The detention camp was closed in 1937 and was reopened in 1940. In 1942 it was closed for the final time and the detainees were transferred elsewhere. During the Second World War it was occupied by the US Air Force. Today, the camp is also known for being the birthplace of Indian Institute of Technology – Kharagpur, which started in 1951.

== Facilities ==
The former detention camp now houses the Nehru Museum of Science and Technology, which occupies the original prison blocks and displays indoor scientific exhibits, including technical models loaned by national research institutes and an archive room of historical documents related to the camp and India's freedom struggle. Its surrounding park features fourteen open‑air exhibits, notably a retired Hawker Hunter fighter aircraft and a steam locomotive, illustrating mid‑20th‑century Indian technological and industrial heritage.

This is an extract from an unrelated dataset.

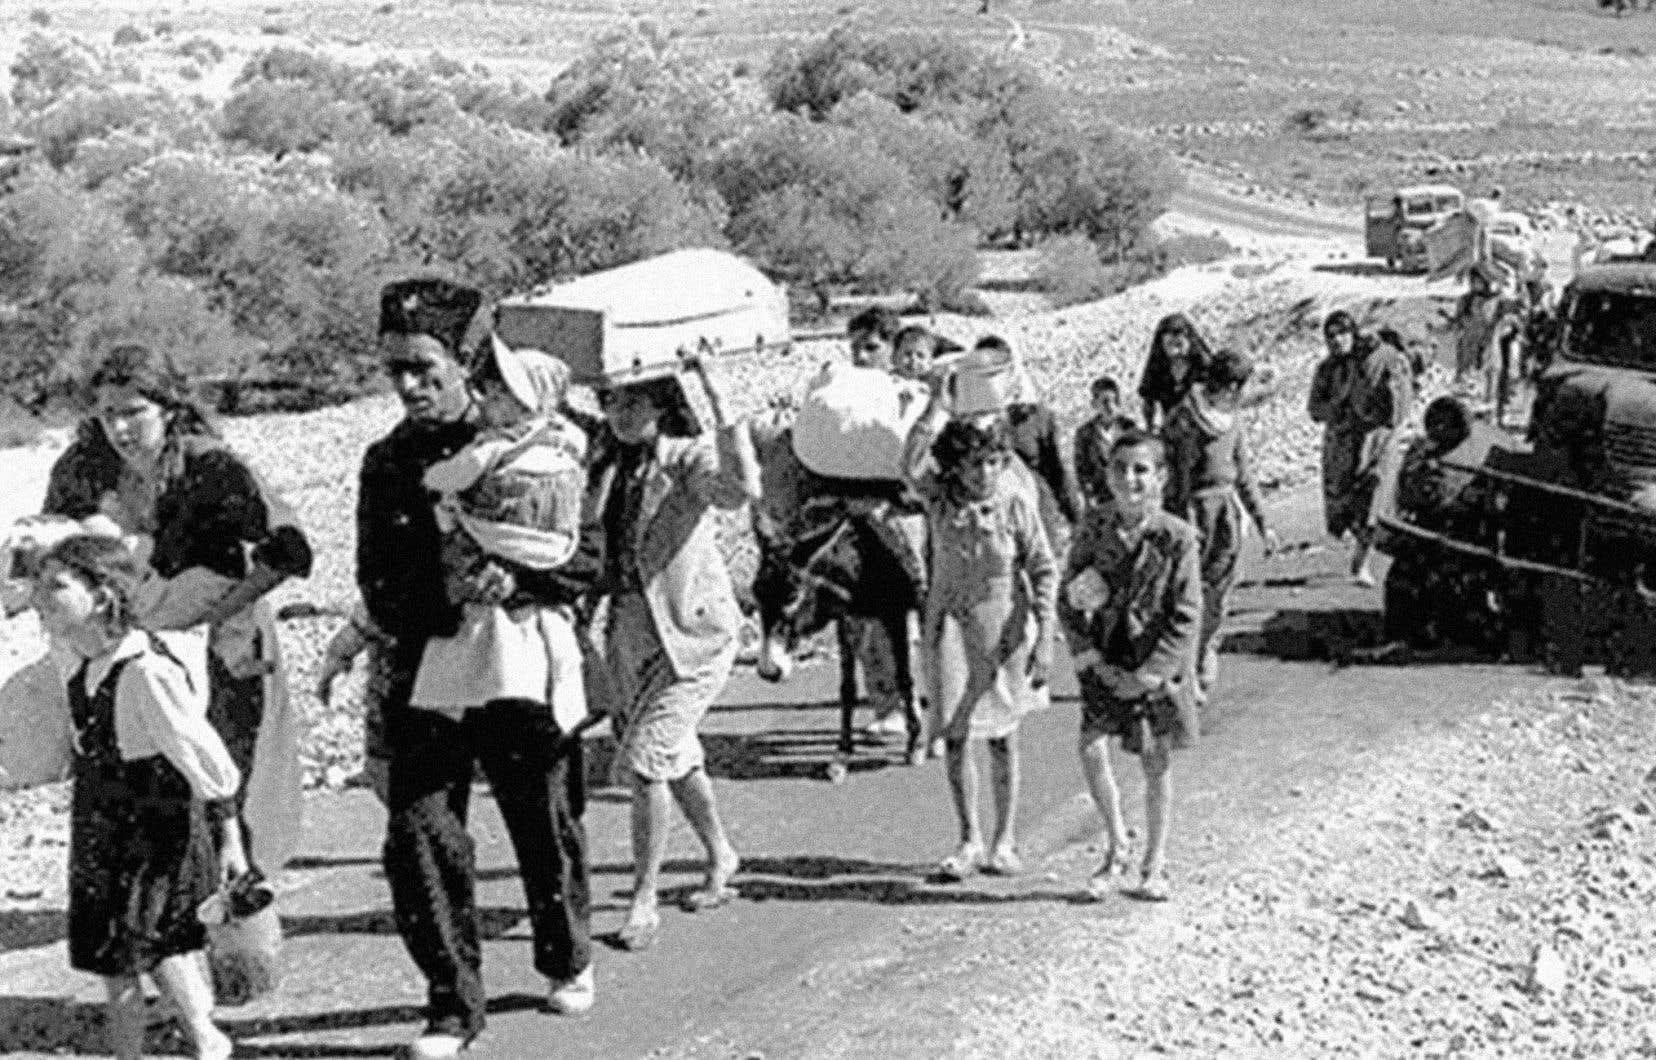 <p>À Gaza, le souvenir de la Nakhba est d'autant plus prégnant que 70% de la population est constituée de réfugiés, souligne l'auteur.</p>

Adjacent to the museum, the heritage‑listed Hijli Shaheed Bhavan retains the camp's two‑storey Byzantine style facade, stone‑flagged corridors and central watchtower, preserved as a memorial to detainees and martyrs. A separate women's jail block is currently under restoration funded in 2017 by IIT Kharagpur and the state government with plans to convert it into a dedicated museum space honoring female freedom fighters from the Midnapore region.